Mustafà, “ma i vertici politici non correranno il rischio di una rottura diplomatica tanto grave con gli Stati Uniti”. Gli Usa hanno troppo a cuore la stabilità della regione per permettere un passo come l'indipendenza curda che genera molte preoccupazioni in Iran, in Siria e in Turchia, paesi dove vivono forti e discriminate minoranze curde che potrebbero restare pericolosamente affascinate dall'indipendenza curda. Per non perdere l'appoggio degli Usa (soprattutto economico), i due principali leader curdi, Jalal Talabani e Massud Barzani, un tempo acerrimi nemici, si sono alleati e si candidano alle elezioni con uno schieramento unico. “Voci di corridoio dicono che i due hanno fatto un patto”, sostiene Mustafà, “Talabani avrà un ruolo di prestigio nel nuovo governo iracheno e Barzani farà il governatore di un Kurdistan autonomo, ma non indipendente. Qui sono arrivati milioni di dollari, l'economia cresce e la bandiera curda sventola ovunque. Inoltre la partita per il petrolio curdo di Kirkuk e dintorni è ancora aperta. Contano di controllarlo loro, con il beneplacito degli Usa. Perchè mai dovrebbero permettere che tutto questo finisca?" La popolazione però non la pensa così e alcuni intellettuali nazionalisti hanno dato vita al Movimento per il Referendum. Arrivando a raccogliere milioni di firme per indire una consultazione che decida del futuro del Kurdistan: autonomia o indipendenza? Il movimento aveva chiesto che alle tre schede ne venisse aggiunta una quarta con un valore meramente consultivo.
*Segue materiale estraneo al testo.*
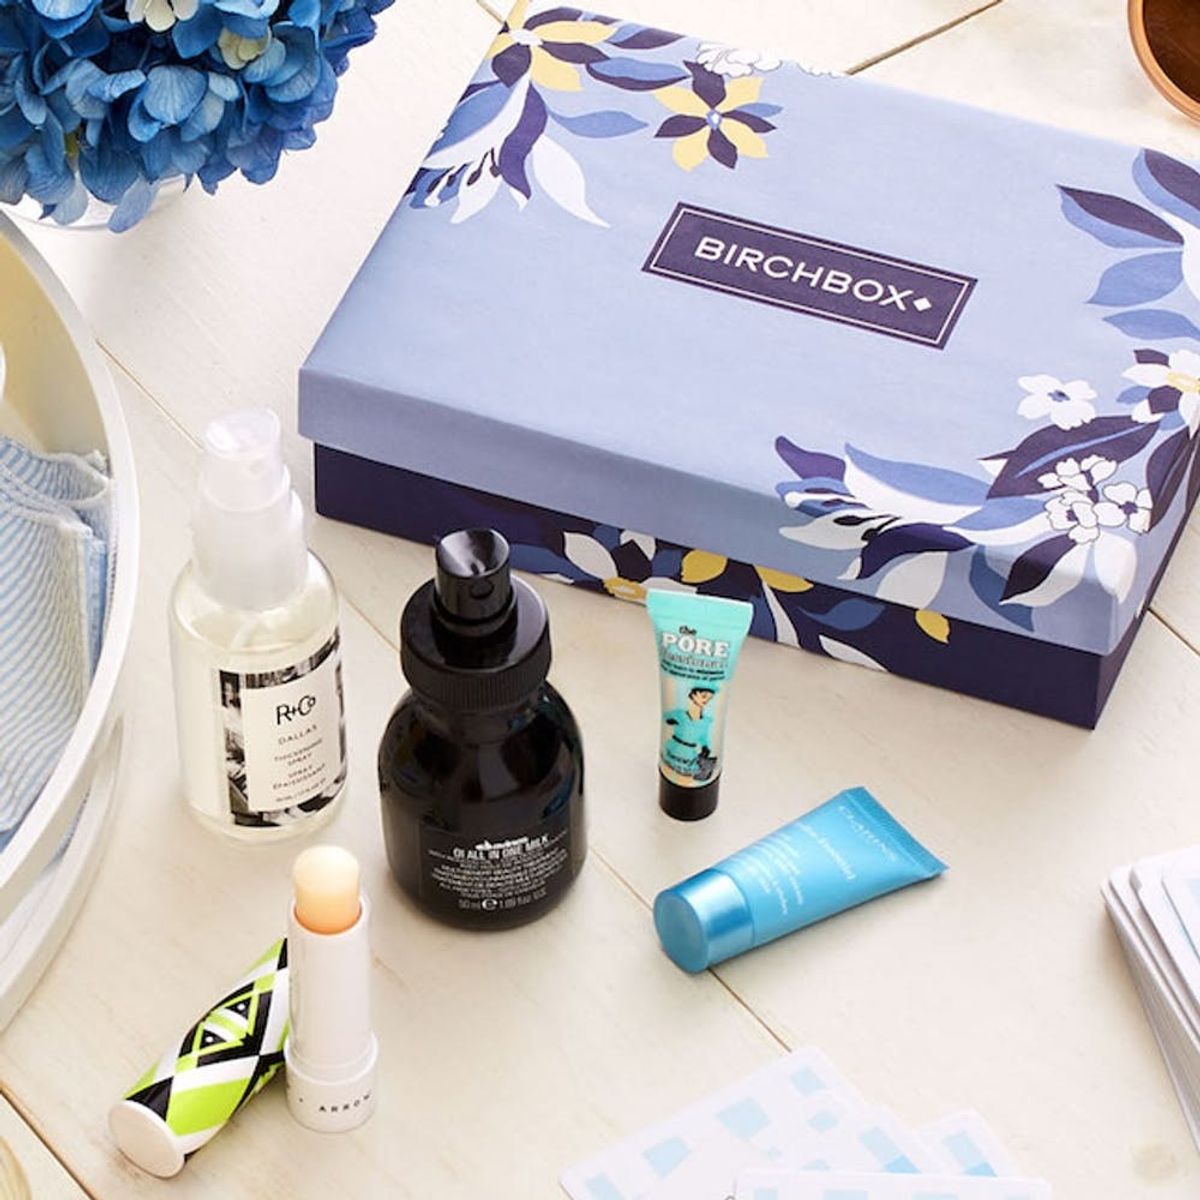 Reese Witherspoon Curated a Birchbox With All Her Favorite Beauty Products

Ma non gli è stato permesso. Ma che i banchetti per la raccolta firme ci saranno lo stesso, anche se dovranno essere a non meno di 500 metri dai seggi elettorali. “Il rifiuto della consultazione è stato un atto di debolezza di Talabani e Barzani”, commenta Mustafà, “sanno che il referendum è il sogno di tutti, ma loro non vogliono scontentare nessuno. Non credo che la situazione possa degenerare, ma la base popolare degli autonomisti è molto forte”. Mentre l'Iraq si appresta allo storico voto, si profila una nuova grana per gli Usa. Una consultazione popolare nel Paese sta avendo successo, ma non è quella che interessa a Washington.